He knew she was right and finally nodded.
“So, did you scout it?” she asked again.
“Yeah…we can get to the roof by way of the fire stairs. Go down through a special staircase up there for the helicopter pad. It leads right down to Spivack’s floor. The fire doors have interior bolt locks except on the first floor.”
She nodded. “Y’know what pisses me off?”
“Ummmn,” he answered, putting on his own pair of gloves.
“These binoculars piss me off—Bushnell 16×35s with a waterproof case. I worked Southwest Patrol for three years with a cracked pair of six-power prewar Lens Masters with one side out of whack. Couldn’t focus the right eyepiece, asked for new binocs ten, twelve times, was told it wasn’t in the budget. And here, in this staff car, they leave ’em under the seat like throwaways.”
“Yeah, and we don’t get sailboats, either.”
She didn’t answer but continued to focus the binoculars on the building. “You think we try for the roof? Go up through the fire stairs, pry the lock up there, then go down one floor, hope the interior doors aren’t wired?”
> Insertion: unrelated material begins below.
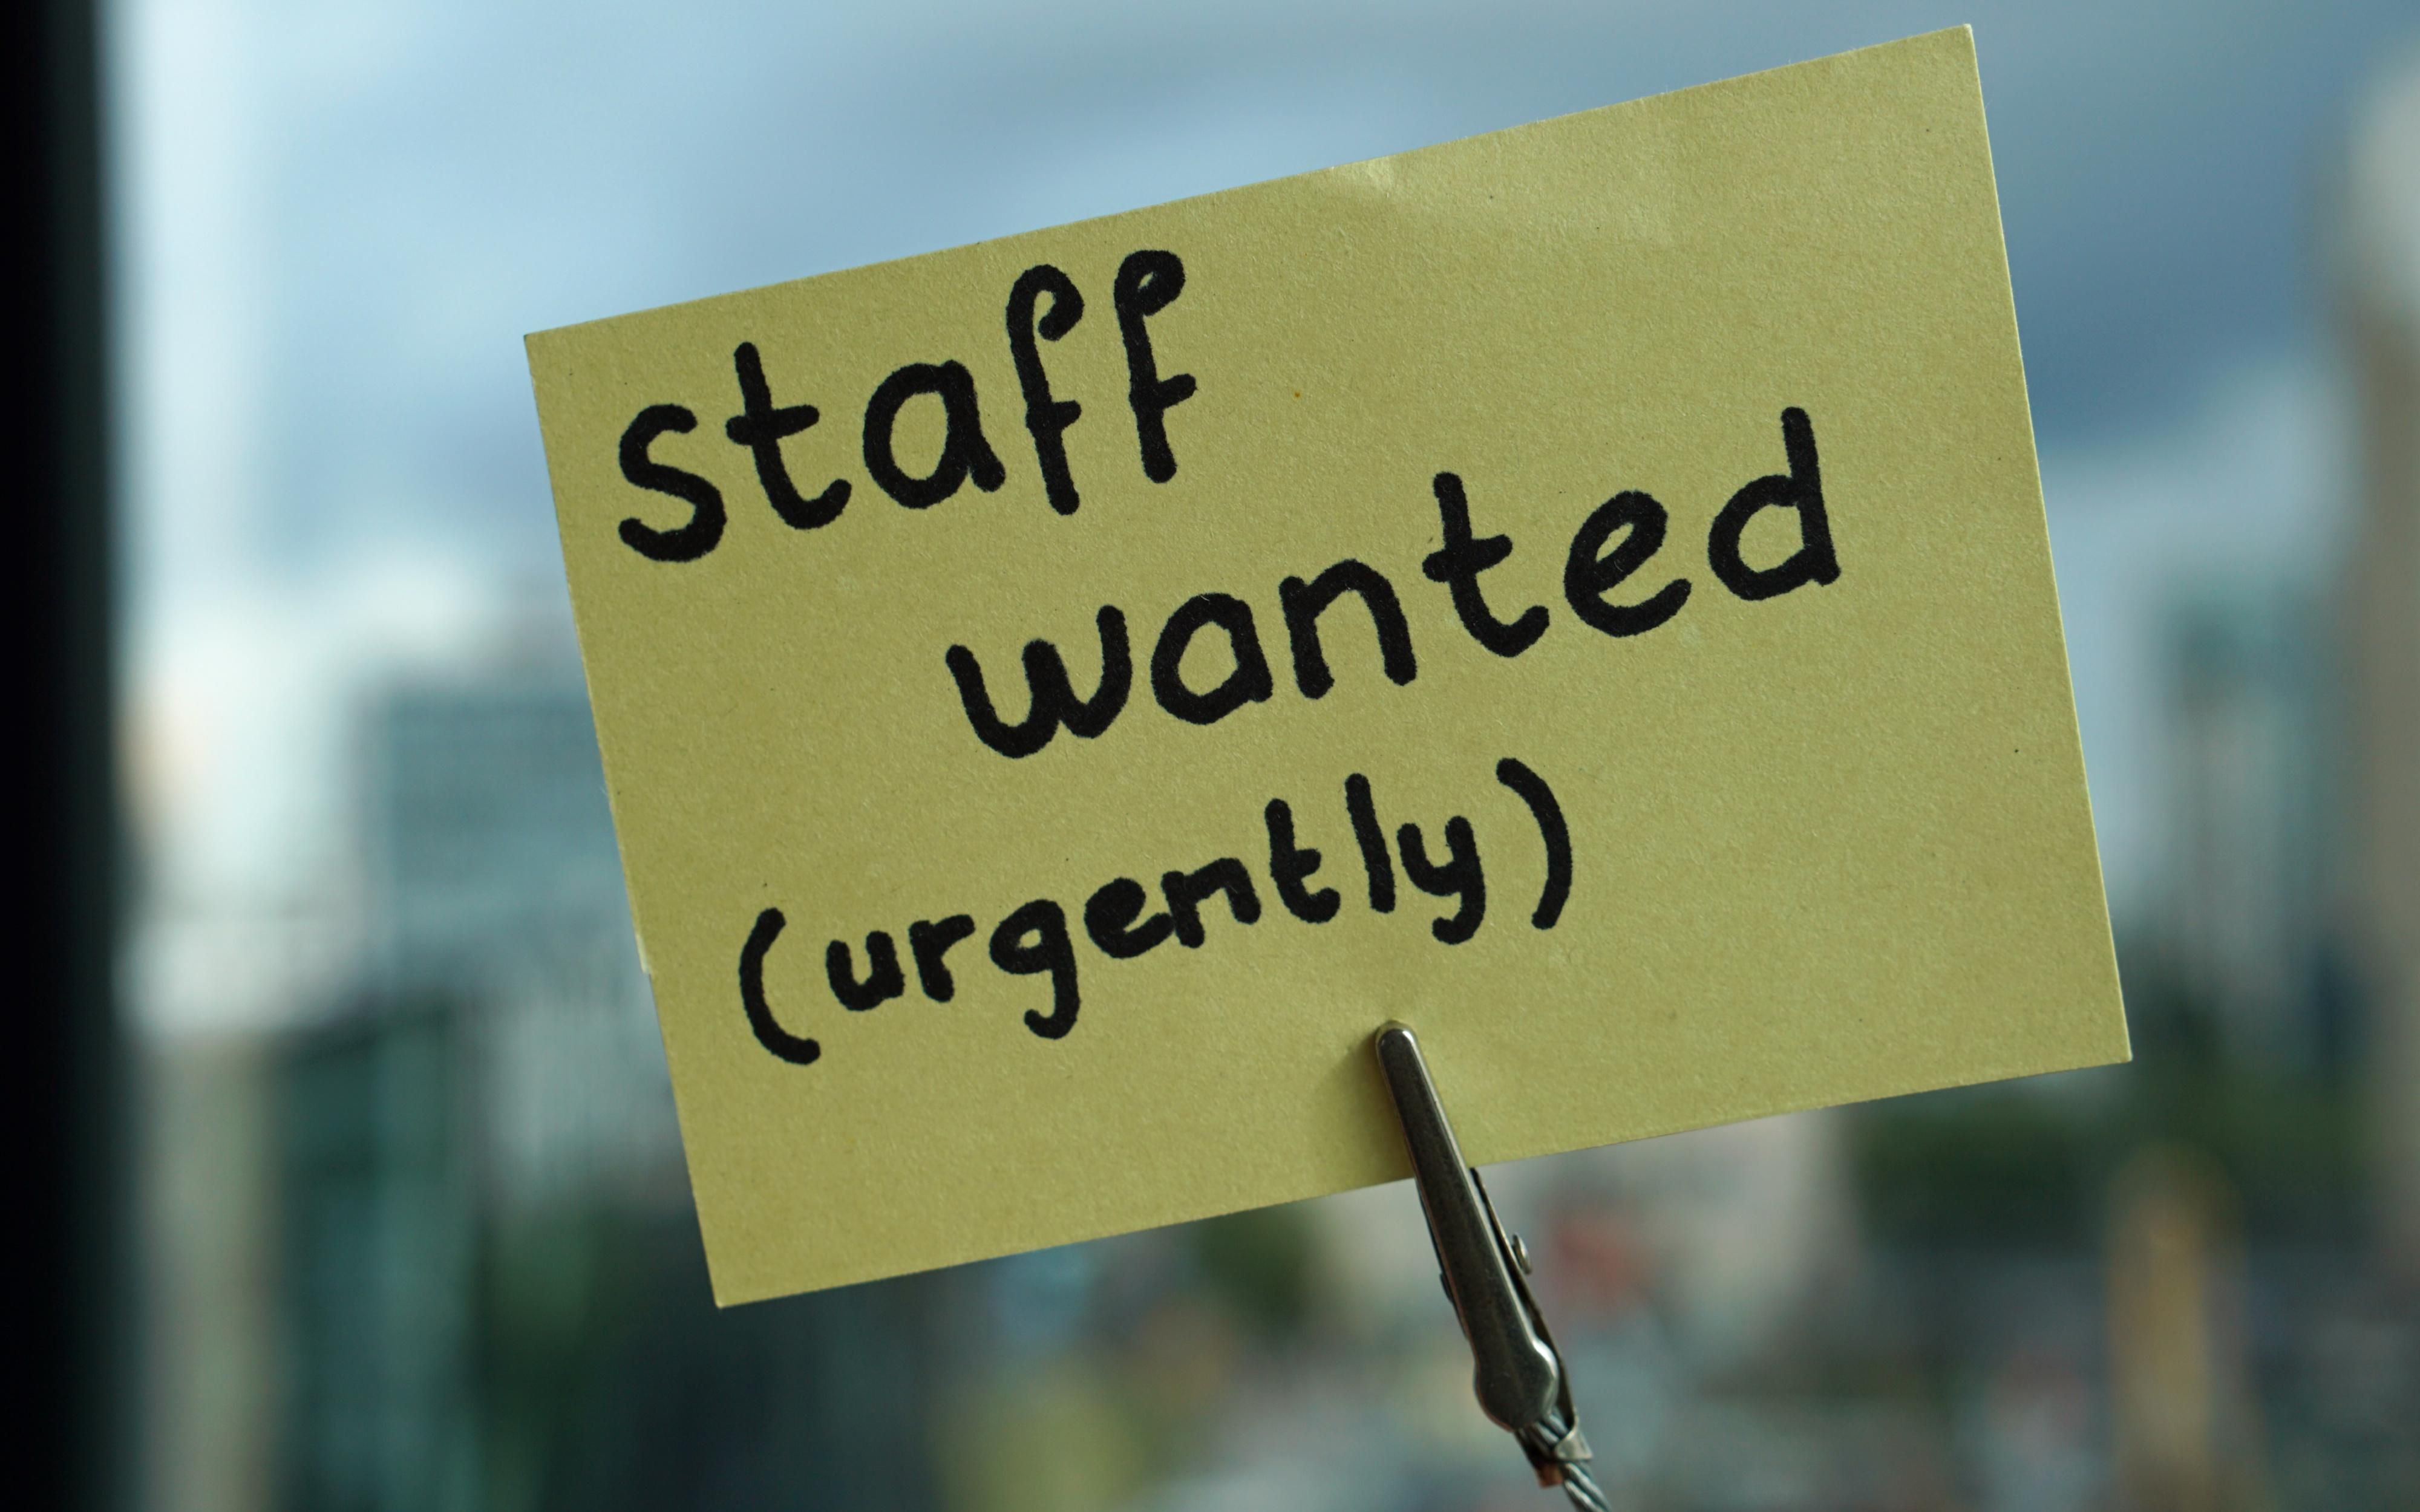 A staff wanted sign

“You’re a fun date,” he said, finishing with his gloves, snapping the wristbands while she lowered the glasses.
“Spivack builds shopping centers and commercial real estate all over the place, right?” she said.
“Yeah, malls, sports complexes, city buildings—anything where you’ve got high budgets and low administrative supervision costs.”
“Tony Spivack, Logan Hunter, Chief Brewer, Mayor Crispin, and Ray Molar—quite a five-man team,” she said.
“With Tom Mayweather still at point guard. Seems pretty obvious they stole this land in Long Beach—the naval yard—to build something. Hotels or a huge resort would be my guess. It’s right on the bay….”
“Why would Logan Hunter be part of it? He’s a movie guy.”
“I don’t know. He likes press…maybe it’s gonna be his new studio, with a theme park like Universal’s…call it the Web. Lotsa rides, lotsa fuzzy cartoon characters greeting you at the gate in chipmunk costumes. Who the fuck knows?”
“Let’s go,” she said. “This isn’t gonna get any easier the longer we wait.”
They got out of the car and moved across the parking lot.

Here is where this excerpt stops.